Hello,
I have ovirt-engine version 4.5.6-1.el9, and nodes version 4.5.5.
We have about 200 VMs in the environment. So far, backups were performed using snapshot +
ovirt API + AWX.
The problem started when during backup some machines became unresponsive (it was
impossible to get to the console and it happened randomly), Prellocated disks became
ThinkProvisioning and it was not possible to delete the snapshot.
We decided to skip all scripts and click the snapshot directly in ovirt-engine and then
delete it in order to merge.
In many cases, these tasks ended successfully, and in random situations the process hung
again and the machine became unresponsive.

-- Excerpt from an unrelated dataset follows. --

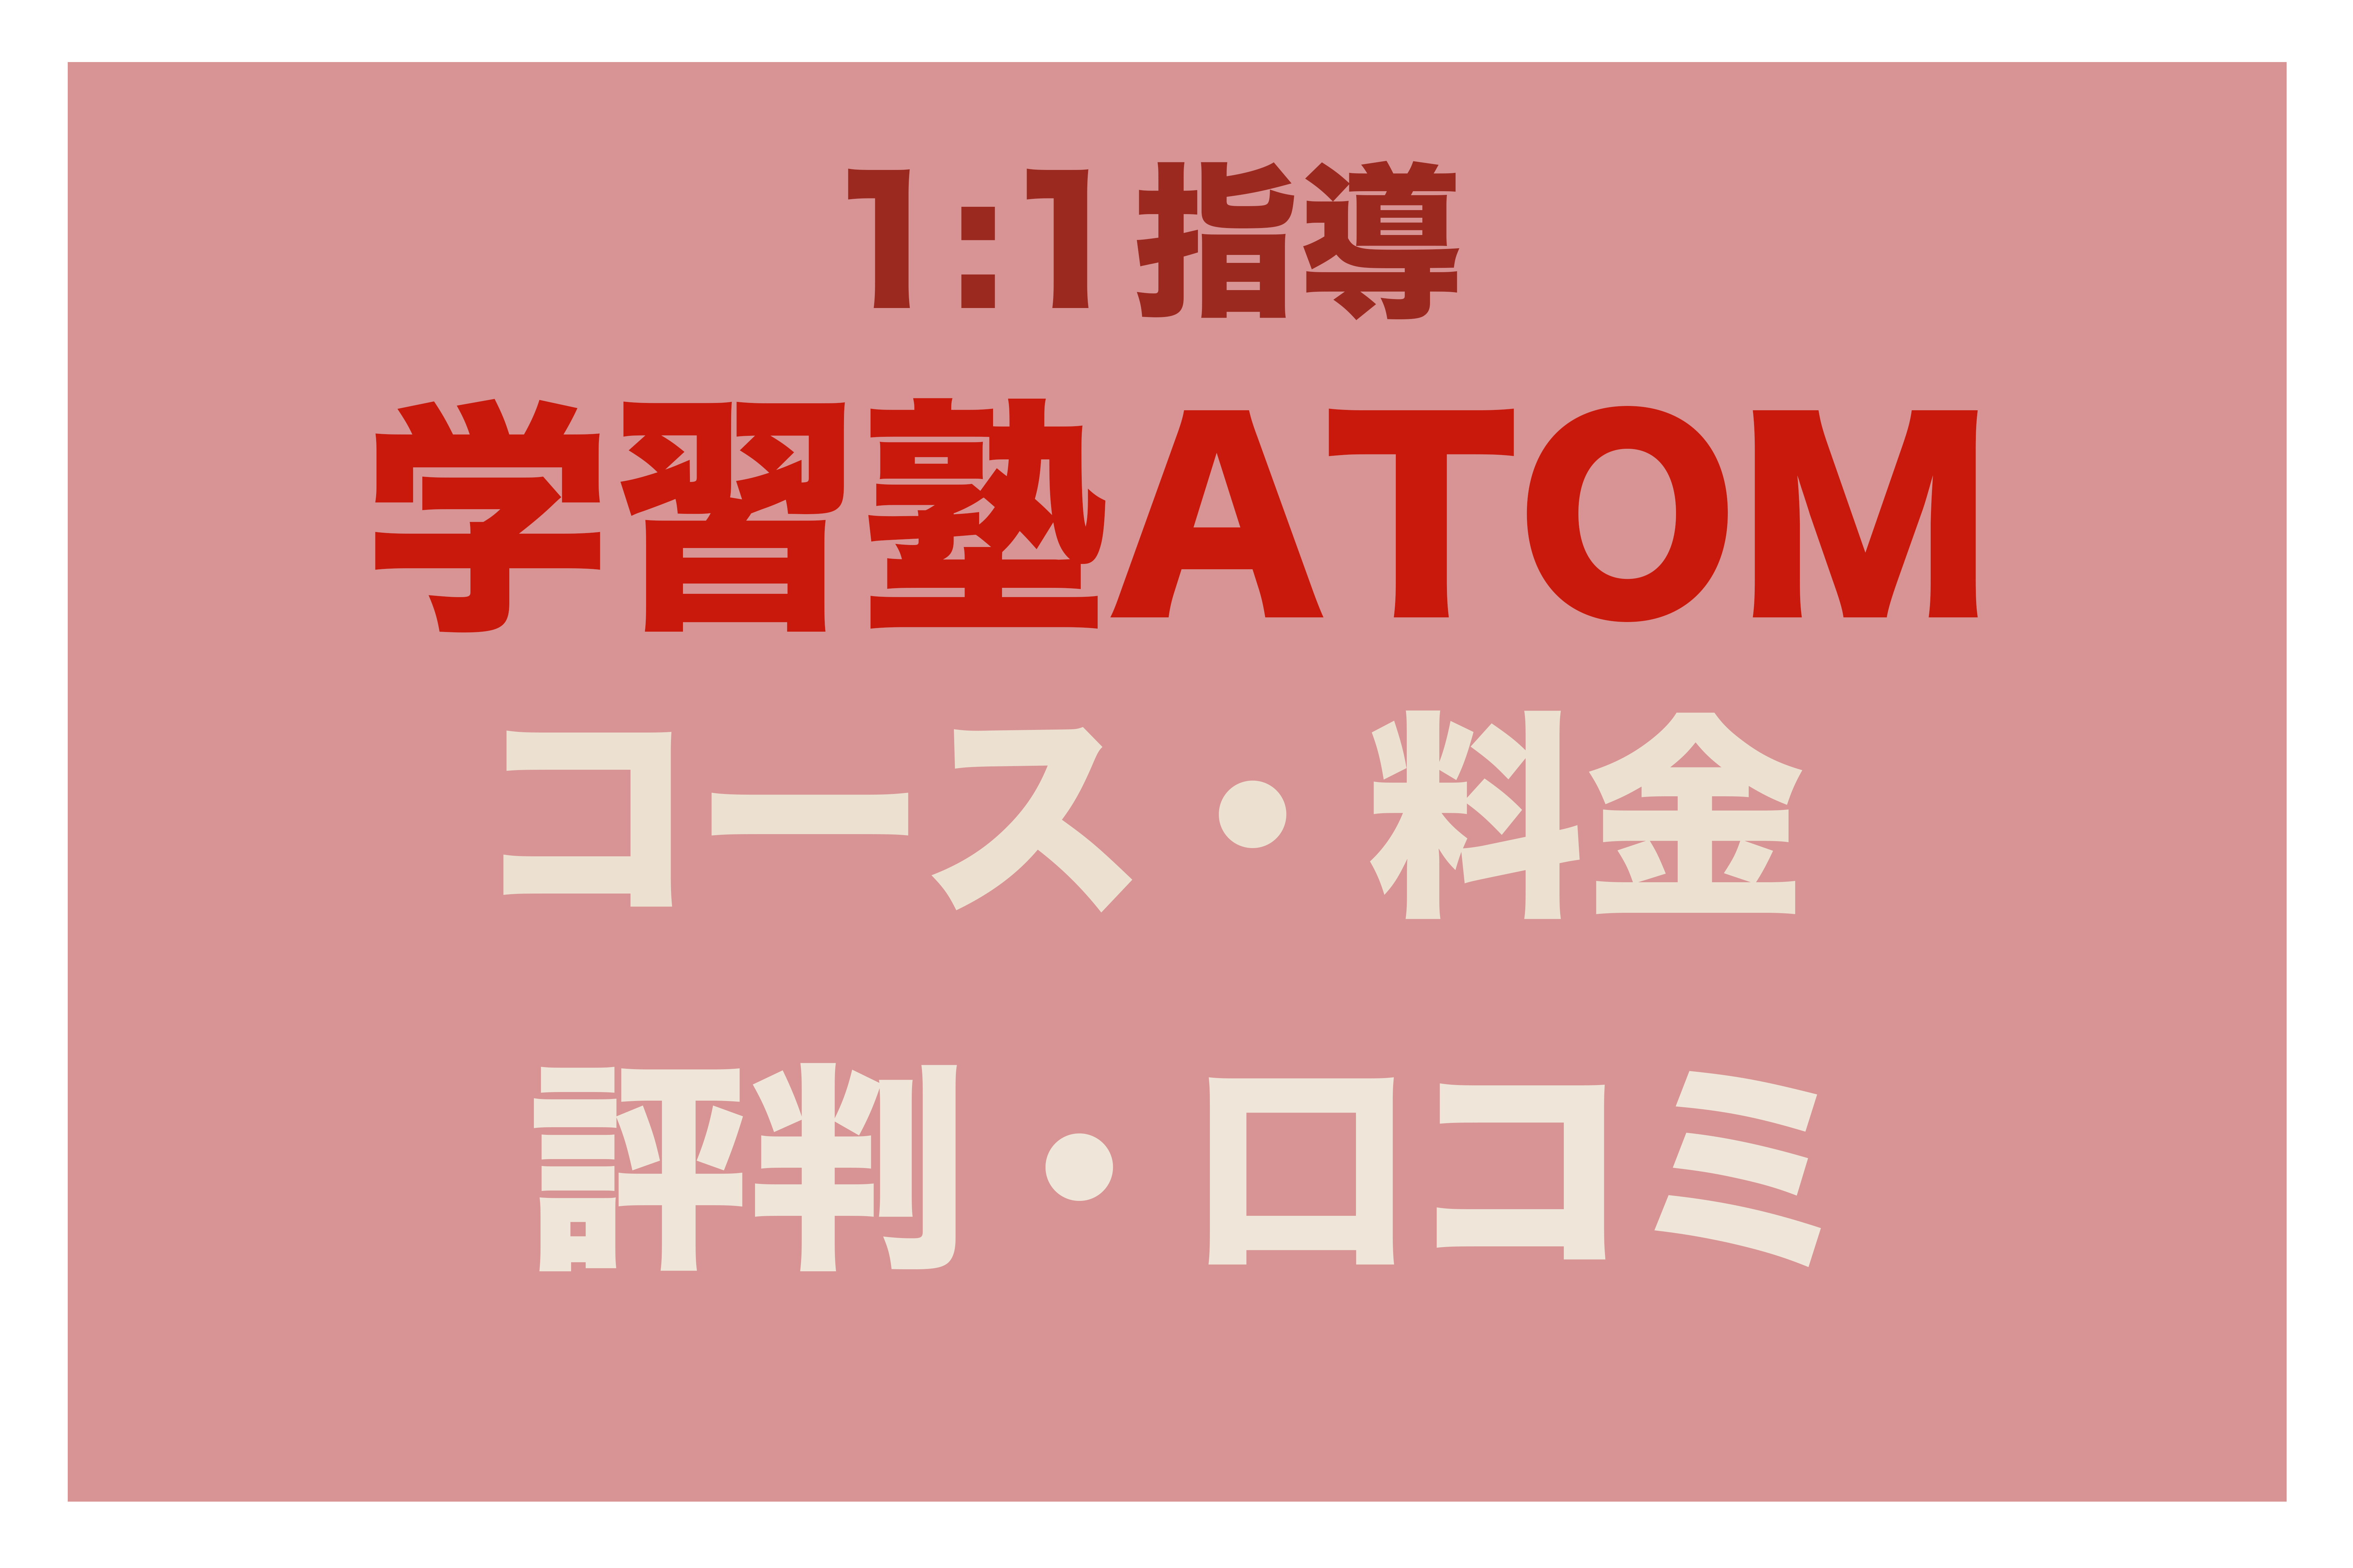 Atomtop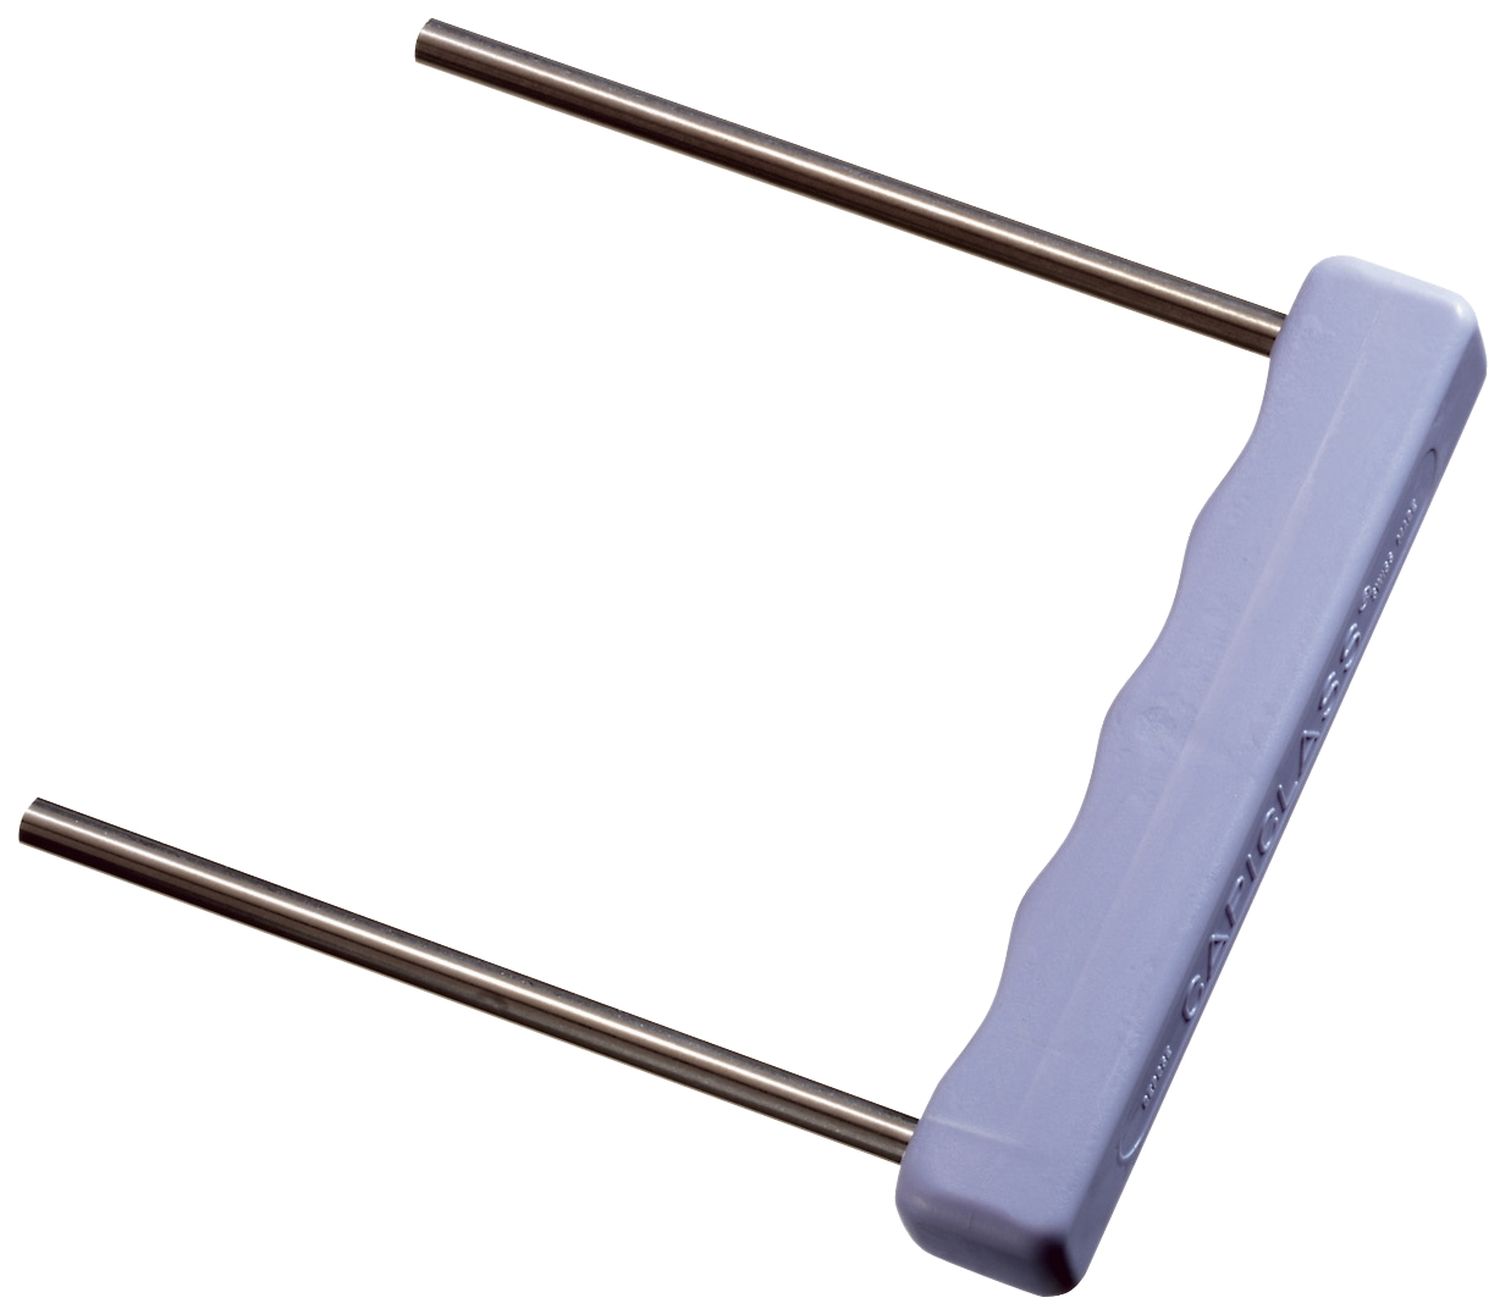 Umfüller für Abheftbügel Leitz 6079, Metall mit Kunststoffgriff, violett

I thought..... maybe it was a performance problem (network to the array, the array itself,
etc.). So we set up the dev environment on different hardware (different physical servers
and different hardware with ISCSI). I copied one of the sample machines that had problems.
I made a snapshot again and merged it using deleting from the ovirt-engine interface. It
worked a few times and I decided to do another test
I made a snapshot of the test VM and logged into it and used a file about 16GB in size and
additionally copied it to another place on the disk and then tried to merge the snapshot
and again the VM became unresponsive and it was impossible to delete the snapshot.
Has anyone encountered such a problem and has a way to solve it?
I am attaching the logs from /var/log/ovirt-engine/engine.log
https://pastebin.pl/view/e6e01717